Johnston listened, hearing his generals out, then calmly replied: “I would fight them if they were a million.”

It was not bravado or arbitrary obstinacy that motivated the remark, but a cool, calculated military assessment. This attack, Johnston had concluded, no matter how risky, was the only opportunity he had to save the army and hold on to the Western Department theater.

The attack on Shiloh, April 6, 1862, began with breathtaking success. Grant had taken no defensive precautions whatsoever, and his encampment was soon overrun. Johnston, who had left the detailed planning and execution to Beauregard in the run-up to battle, now appeared everywhere on the battlefield, personally rallying, forming up, and leading troops.

By midday, victory seemed clearly within grasp. That is when Johnston’s troops encountered a pocket of intense, unyielding Union resistance they dubbed the “Hornets’ Nest.” In the initial attack, the Union soldiers had seemed to melt away. Now, at the Hornets’ Nest, wave after Confederate wave broke and fell. Seeing his troops retreat from this redoubt, Johnston dispatched an aide to General John C. Breckin-ridge to re-form his men and get them to return to the attack. Breckinridge personally rode back to Johnston to tell him that, try as he might, he could not get one of his regiments forward.

“Then I will help you,” Johnston quietly replied.

In company with Breckinridge, he rode up to the reluctant regiment and cantered along the line. As he rode slowly by—oblivious to the fire around him—he touched each soldier’s bayonet, as if to anoint their blades. “These,” he said in a voice just loud enough to be heard, “will do the work. . . . Men, they are stubborn; we must use the bayonet.” Reaching the end of the line, he turned in his saddle. “I will lead you,” he said.

And so they all swept forward, fired up, pressing forward behind their general—who, suddenly, reeled in his saddle.

Johnston’s aide, Isham G. Harris, galloped up, catching the general’s shoulder to keep him from falling. Are you wounded? he asked.

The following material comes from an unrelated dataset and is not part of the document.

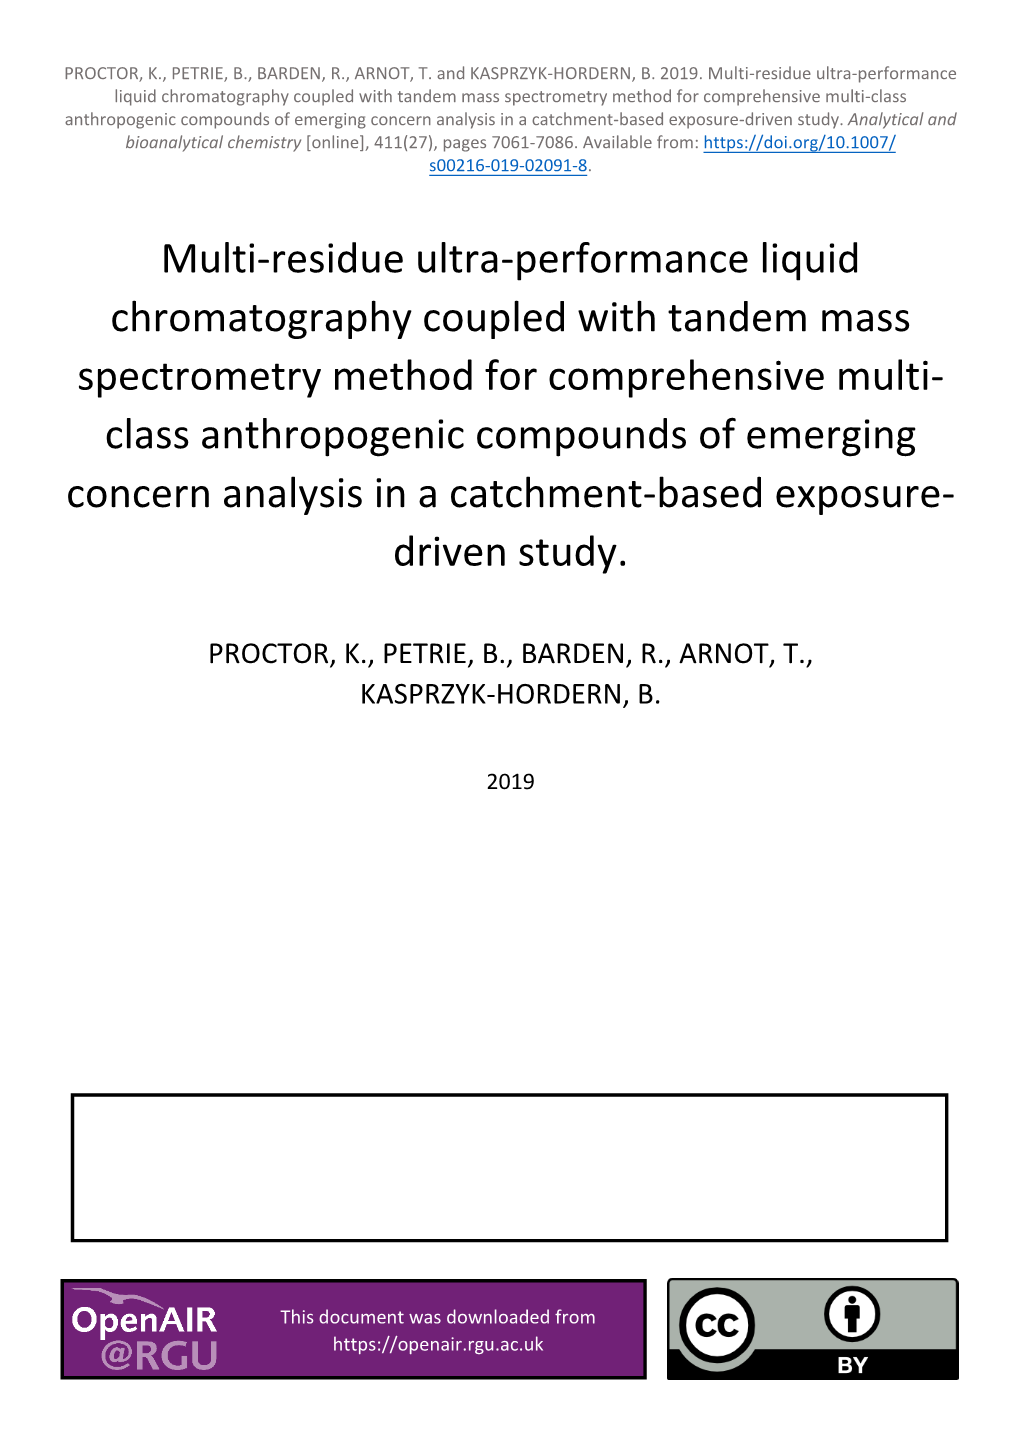 Multi-Residue Ultra-Performance Liquid Chromatography Coupled With

“Yes, and I fear seriously.”

Harris and others nearby lowered Albert Sidney Johnston from his horse. Harris frantically felt of his commander, searching for a wound, but he could find none. And yet the general slipped rapidly away. Only after he had died was it discovered that a bullet had entered behind his right knee, severing his popliteal artery. He bled out rapidly into his high cavalry boot, which concealed the wound and the volume of blood it produced. More than likely, given the location of the wound and his position when it was sustained, Johnston had been the victim of friendly fire.

P. G. T. Beauregard was so confident at the end of the day on April 6, 1862, that he reported to Richmond a great victory that had come, tragically, at the loss of the commanding general. In fact, without Johnston to lead, the battle was lost the following day. At the time of his death, Davis considered Albert Sidney Johnston the best general he had. Even after the emergence of Robert E. Lee some two months later in the war, Davis continued to rate Johnston as indispensable. He would attribute the collapse of the Confederate West to his loss.